What does it mean? It comes from Live Free or Die. So it means just that, but on bikes. Be independent, take responsibility for your own actions, look after yourself and don’t take instruction from self appointed authority figures. Ride like you want to live. Ride free or die. It’s an aspiration and a code to live by. The phrase originates with free thinkers wanting a statement that stands for something. It was used as a motto in the French Revolution and by American states keen to express their independent spirit.
What’s that got to do with going to Blackpool?
Some people think of Blackpool as a half empty plate of greasy chips. A seedy, sleazy, brash place full of boozed up stag and hen parties which is ready to chew you up, rob your pocket and spit you out. And in some ways this is the truth, but as wise people know there are always two sides to every story. Blackpool is ace if you go with the right mind and see it as a half full plate of delicious chips. The magic that Blackpool conjures for children with the bright and twinkling lights, exciting noisy rides and games, fast foods and fizzy drinks, is also there for the adult with a love of having fun.

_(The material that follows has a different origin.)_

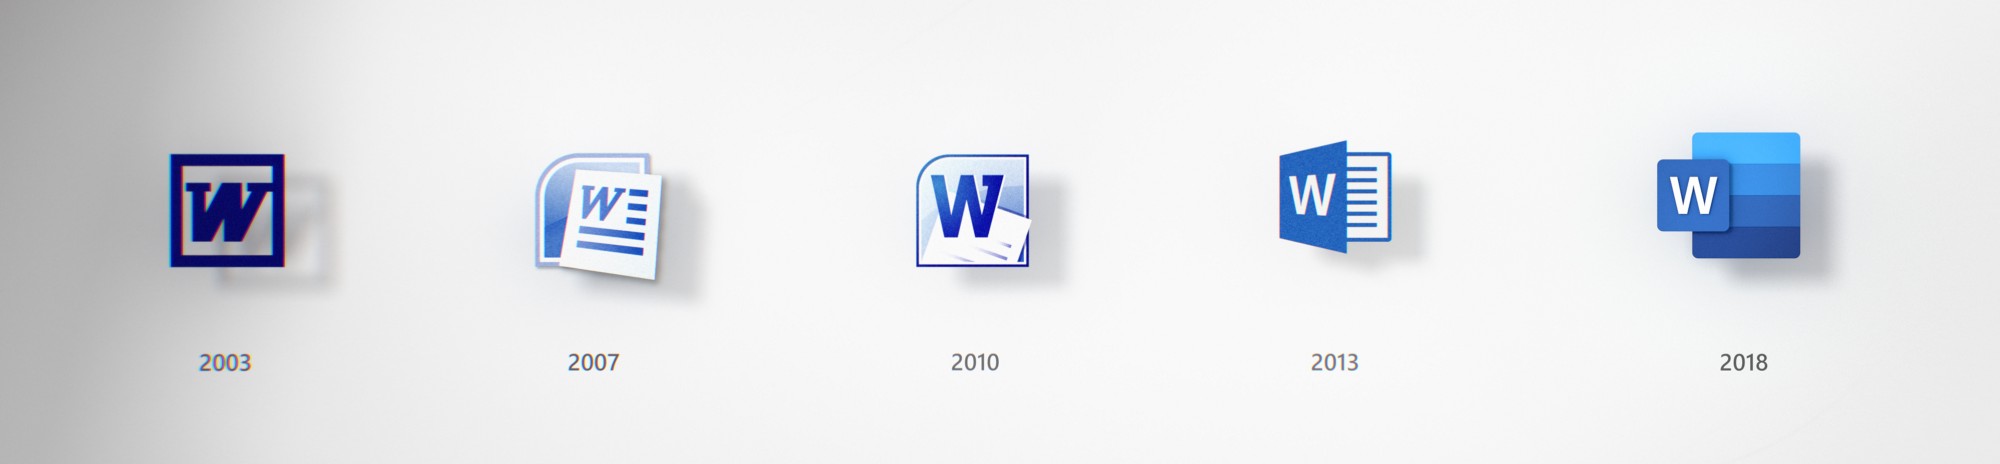 microsoft-office-icon-change-since-2003

Ride the Lights is a fabulous free event that gives cyclists a preview to the famous Blackpool illuminations before the official switch on. There is open access to the promenade and cars are banned for the night.
The end of the summer holidays and the turn of the season to autumn has always been brightened for northerners with a trip to Blackpool illuminations. The bright lights and promise of one more ice cream before the winter, have brought the crowds in for years.
Riding a bike with thousands of others under the spectacle of the lights was truly magical. No sitting in the traffic, with all the noise and fumes and in car arguments. Instead the quiet madness of a mass of bicycles. Sensible adults in hi viz vests, wide eyed children, road racing cyclists on ten grand bikes, local ragamuffins racing their supermarket bikes and BMXs, everyone was together, everyone rode free. The remarkable thing was that despite the general chaos, nothing bad seemed to happen. Cycling truly is a magical thing and it can’t help but bring people together.
Riding the Lights also goes down in HebTroCo history as the first trip out wearing a complete outfit. The 1485 Wool Jacket takes our range above the belt and is worn here with Olive GVNR trousers, Chukka Boots and a CNC Belt.
There were highlights of the night apart from the general splendour of being outside, independently powering along with nothing more than leg power. The vanilla ice cream from Notariannis on Waterloo Road was delicious, proving that simple done well is usually the best. Eating chips outside the front of the North Pier, listening to the turn belting out 70s pop classics was sweet nostalgia, strangely rousing and just hilarious. Funniest of all though was a pair of dodgems, retired presumably from service on the Pleasure Beach, cruising sedately down the Golden Mile, one containing the Pope and a nun, the other driven by PC Plod and his twin. They might not have strictly speaking been bicycles, but they were certainly riding free.